Session 6 Designing Experiments
Examine how to collect and compare data from observational and experimental studies, and learn how to set up your own experimental studies.
Session 7 Bivariate Data and Analysis
Analyze bivariate data and understand the concepts of association and co-variation between two quantitative variables. Explore scatter plots, the least squares line, and modeling linear relationships.
Session 8 Probability
Investigate some basic concepts of probability and the relationship between statistics and probability. Learn about random events, games of chance, mathematical and experimental probability, tree diagrams, and the binomial probability model.
Session 9 Random Sampling and Estimation
Learn how to select a random sample and use it to estimate characteristics of an entire population. Learn how to describe variation in estimates, and the effect of sample size on an estimate's accuracy.

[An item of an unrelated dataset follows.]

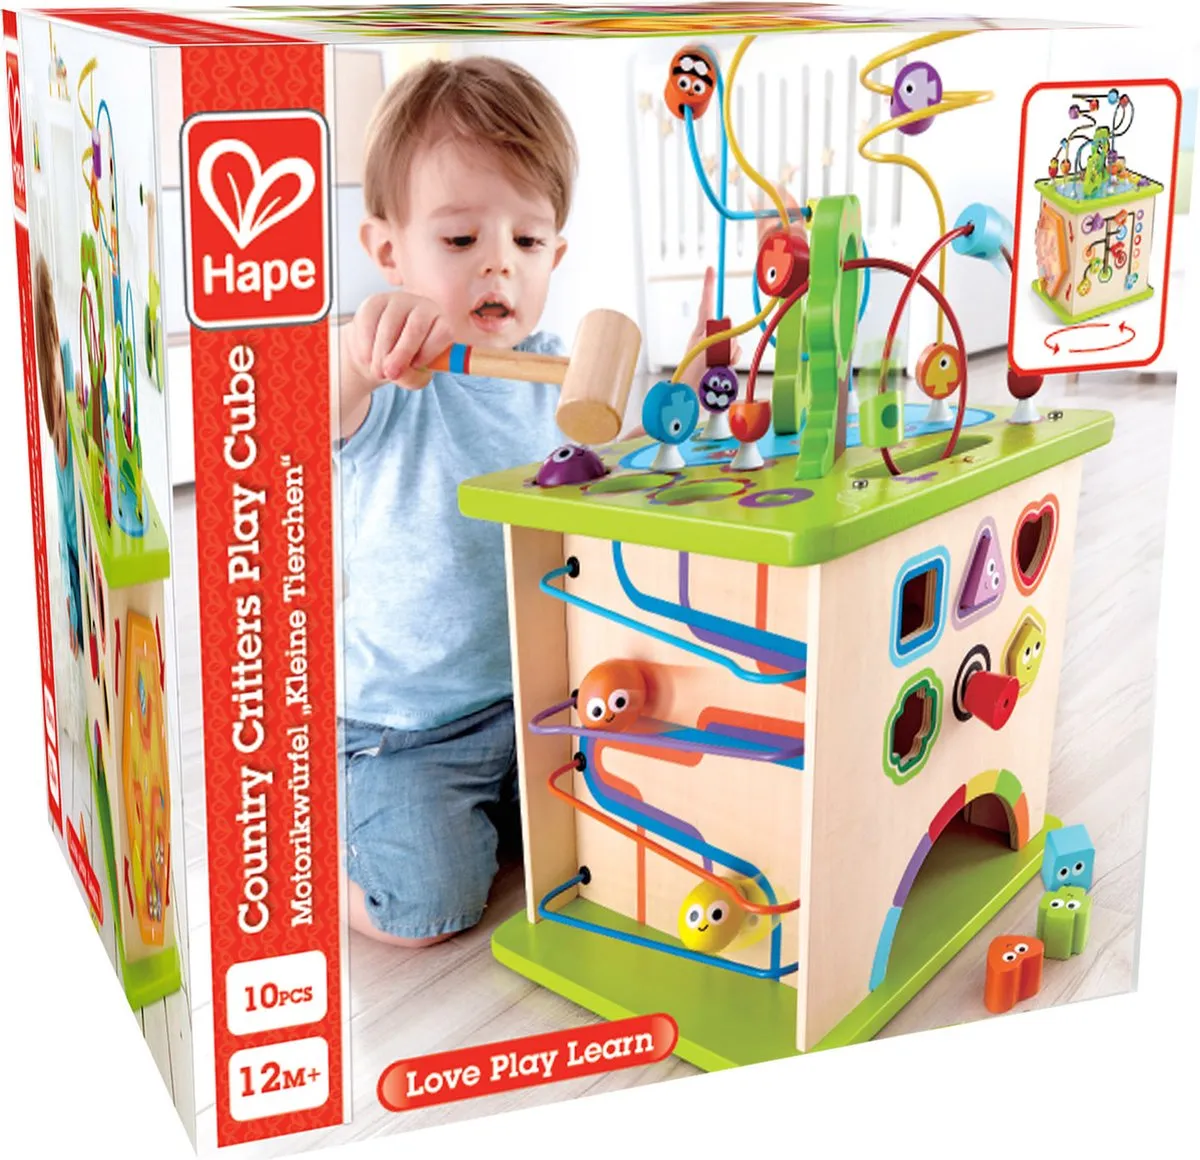 Hape Speelkubus - Educatief spel speelgoed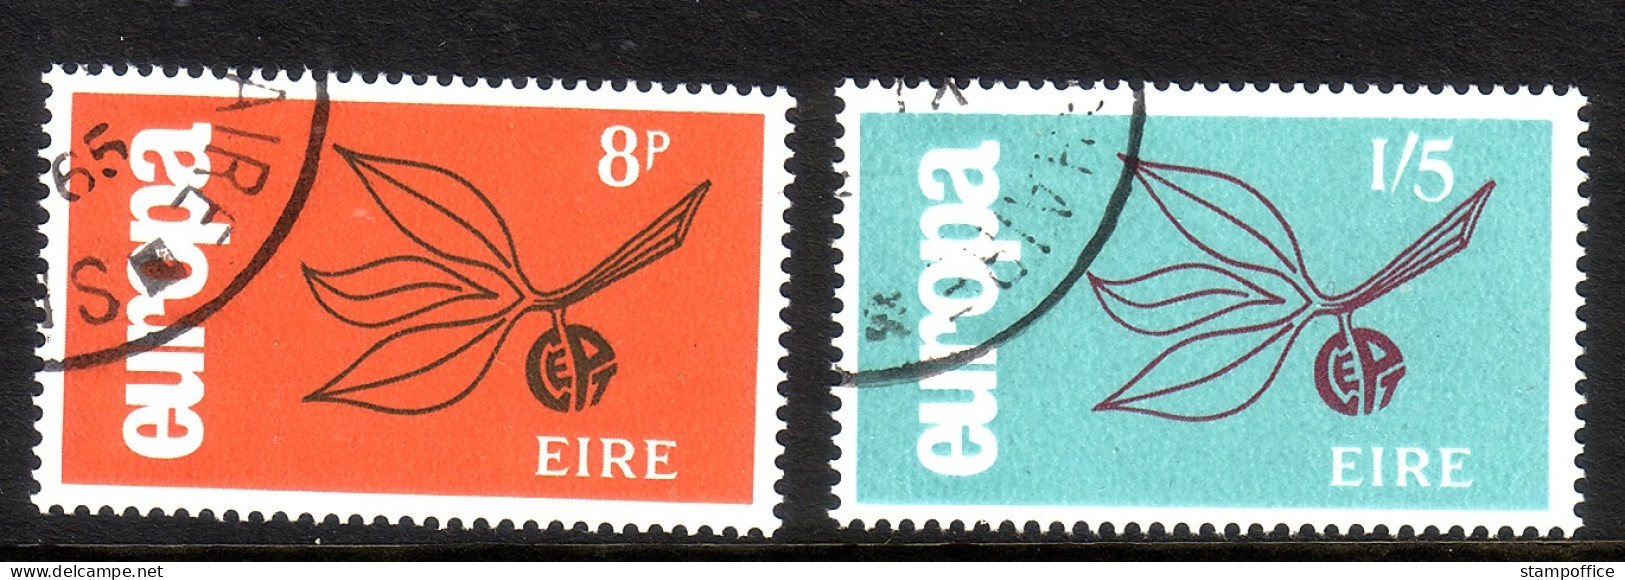 IRLAND MI-NR. 176-177 GESTEMPELT EUROPA 1965 - ZWEIG - 1965

Session 10 Classroom Case Studies, Grades K-2
Explore how the concepts developed in this course can be applied through a case study of a K-2 teacher, Ellen Sabanosh, a former course participant who has adapted her new knowledge to her classroom.
Session 11 Classroom Case Studies, Grades 3-5
Explore how the concepts developed in this course can be applied through case studies of a grade 3-5 teacher, Suzanne L'Esperance and grade 6-8 teacher, Paul Snowden, both former course participants who have adapted their new knowledge to their classrooms.